4) Keeping track of pages in the database. This issue is slightly more complicated than it would at first seem. There are at least five different page types that you might conceivably want to keep track of:

  • the page/folio a document begins on (useful for jumping right to the source info of multi-paged documents in printed collections)
  • the page/folio of a passage - i.e. a particular NsID - for a document that is paginated (e.g. f. 134 in a document that starts on f. 132)
  • the page/folio of a passage for a NsID not otherwise paginated, (e.g. it might instead simply have an archive number, so that it would be AG A1 vol. 2384 #42, f. 3 for text on the third page of document number 42)
  • the page range (a document ranges from folios 134 to 136)
  • the total length of a document in pages.

    I suppose you could also add to these another, where the original document has no existing pagination/foliation and you have to provide it yourself, but this fits within the design of the above categories - you could include a field to mark whether they are paginated in the original or not if you wished.
    Each of these page types has their own utility and my database keeps track of three of the four (all except the page range, which I probably should have). The distinction between the Notes.Pages and the Notessub.Page fields is particularly important for two reasons. First, it allows you to automatically include the appropriate page in the Cite query (to be inserted into a Word footnote, for example). Otherwise, you'll only paste the generic page start (or page range if you prefer), or nothing at all, and have to manually enter the correct page number for that specific passage, possibly having to look back to previous NsIDs to find what page they left off with. Second, with this field you don't have to repeat at the beginning of every Notes field the page number, in case you divide a page up into several separate NsIDs.
    For passages in a single NsID that continue onto the next page, I haven't come up with any better solution than to simply note it in the Notes field in brackets: "I saw them [40] the other day.
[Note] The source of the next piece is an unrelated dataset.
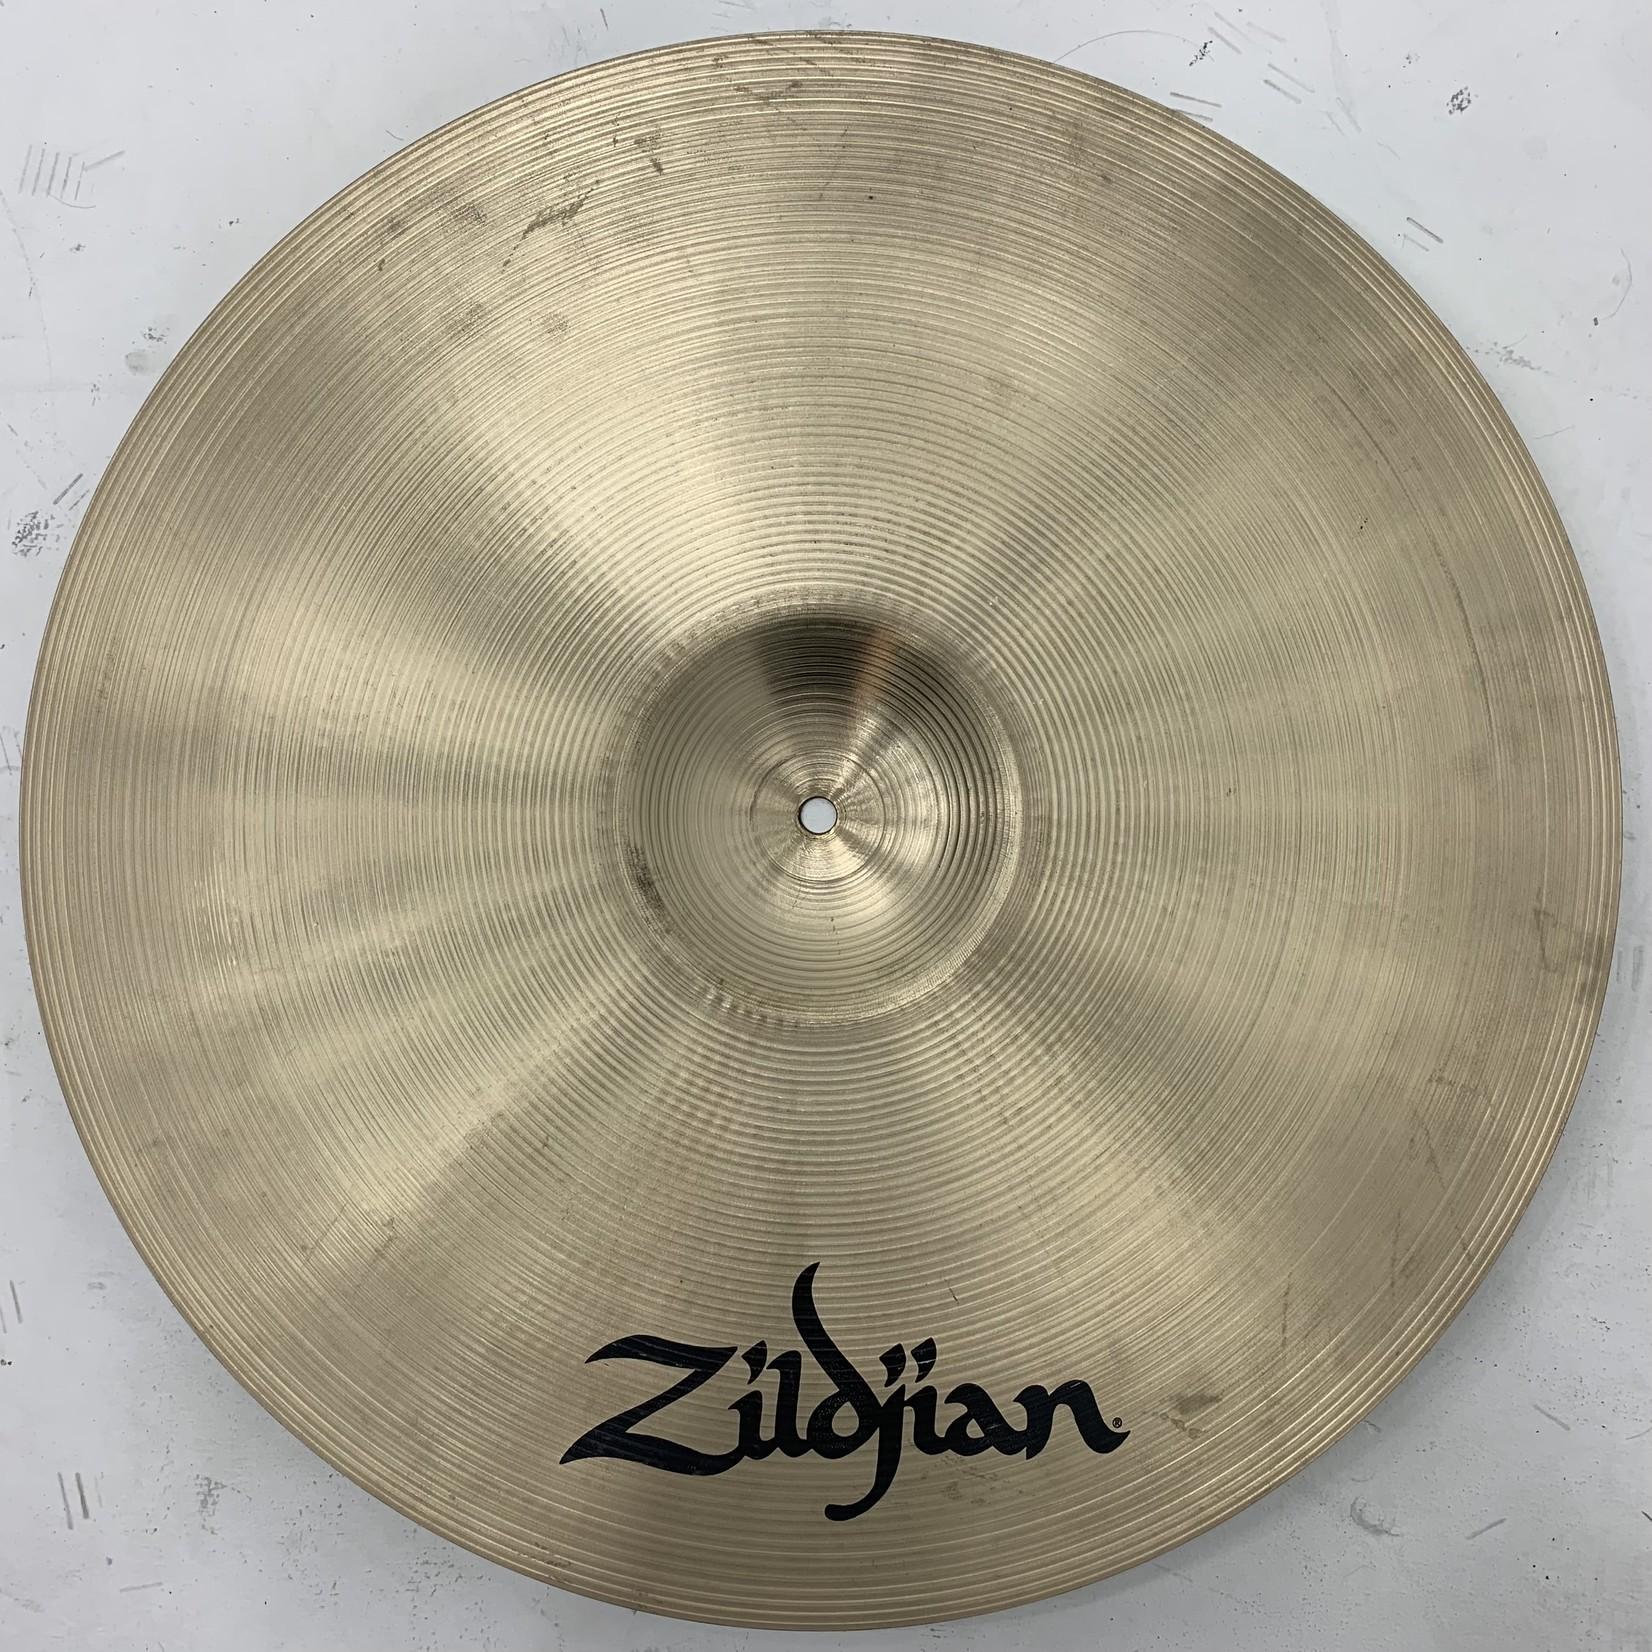 "USED Zildjian A 21"" Rock Ride Cymbal (Michael Wagener Collection)"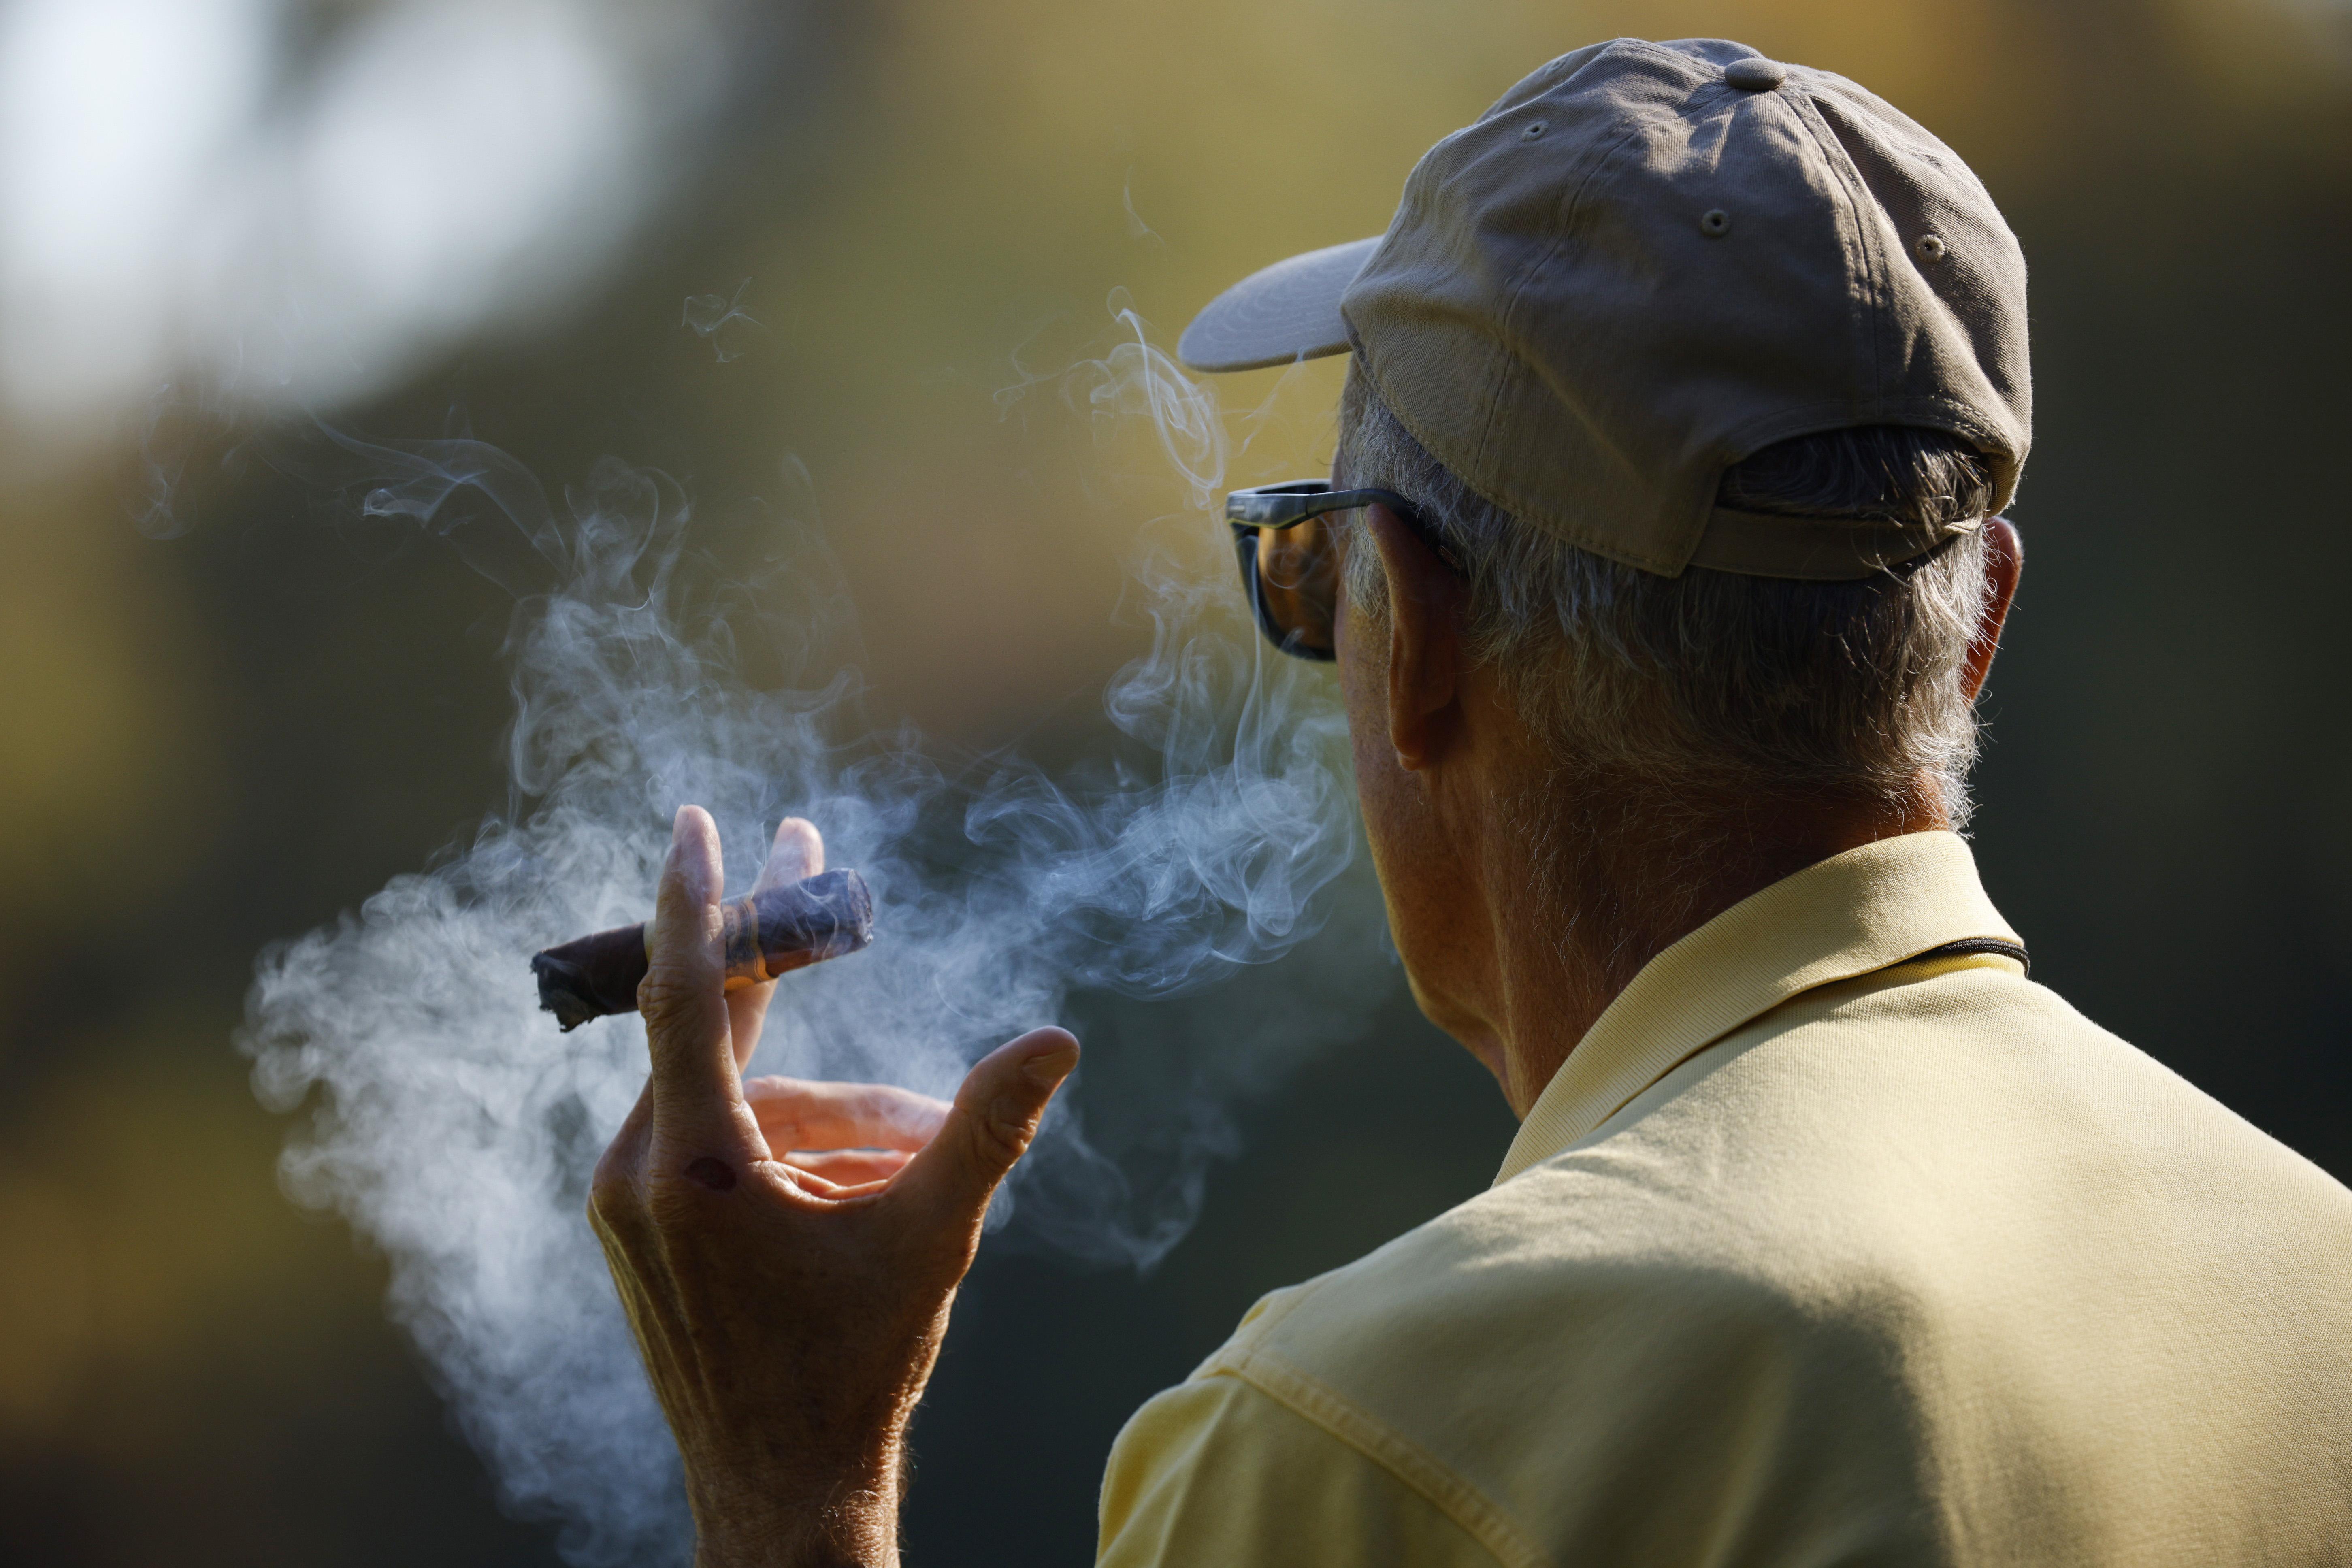 A spectator smokes a cigar in Augusta, Georgia, U.S., November 13, 2020. REUTERS/Brian Snyder

Then we went home" with the Notessub.Page = 39. If your citation is completely on the next page, e.g. you quote "Then we went home" in a paper, you will need to remember to change the footnote citation from p. 39 to p. 40. I can't see any other way to automate this, unless you wanted to make the Notessub.Page into a Notessub.PageRange.

    Ideally, it might be nice to be able to quickly calculate the number of pages spent on a particular topic, but I'm not at all sure how to do it with this design, perhaps a separate field somehow, or include Notessub.PageStart and Notessub.PageEnd fields? In my Secondary database I have a PageStart and PageEnd field, with a calculated field that automatically does this.

    5) The keyword field is quite a poser. Much ink has been spilled (and many pixels darkened) on what is the "best" keywording strategy - librarians apparently get into this kind of thing. I had initially used a strategy common in other databases (e.g. EndNote) where you have one memo field in which you put as many different keywords as you want in no particular order. Unfortunately, this method does not provide adequate precision and consistency on the entry side, two very important features that are required for efficient document-level searching IMHO.

    Instead, I have adopted a much more complicated system that attempts to keep track of the many substantive questions I might find of interest about the content of a particular document: who, what, where, when, why and how. Its complexity requires I spell out in detail the logic I used, for my own sanity at least. There are three strategies I have used to provide detail, to ensure that I consistently keyword my records the same way, and to make finding records easy.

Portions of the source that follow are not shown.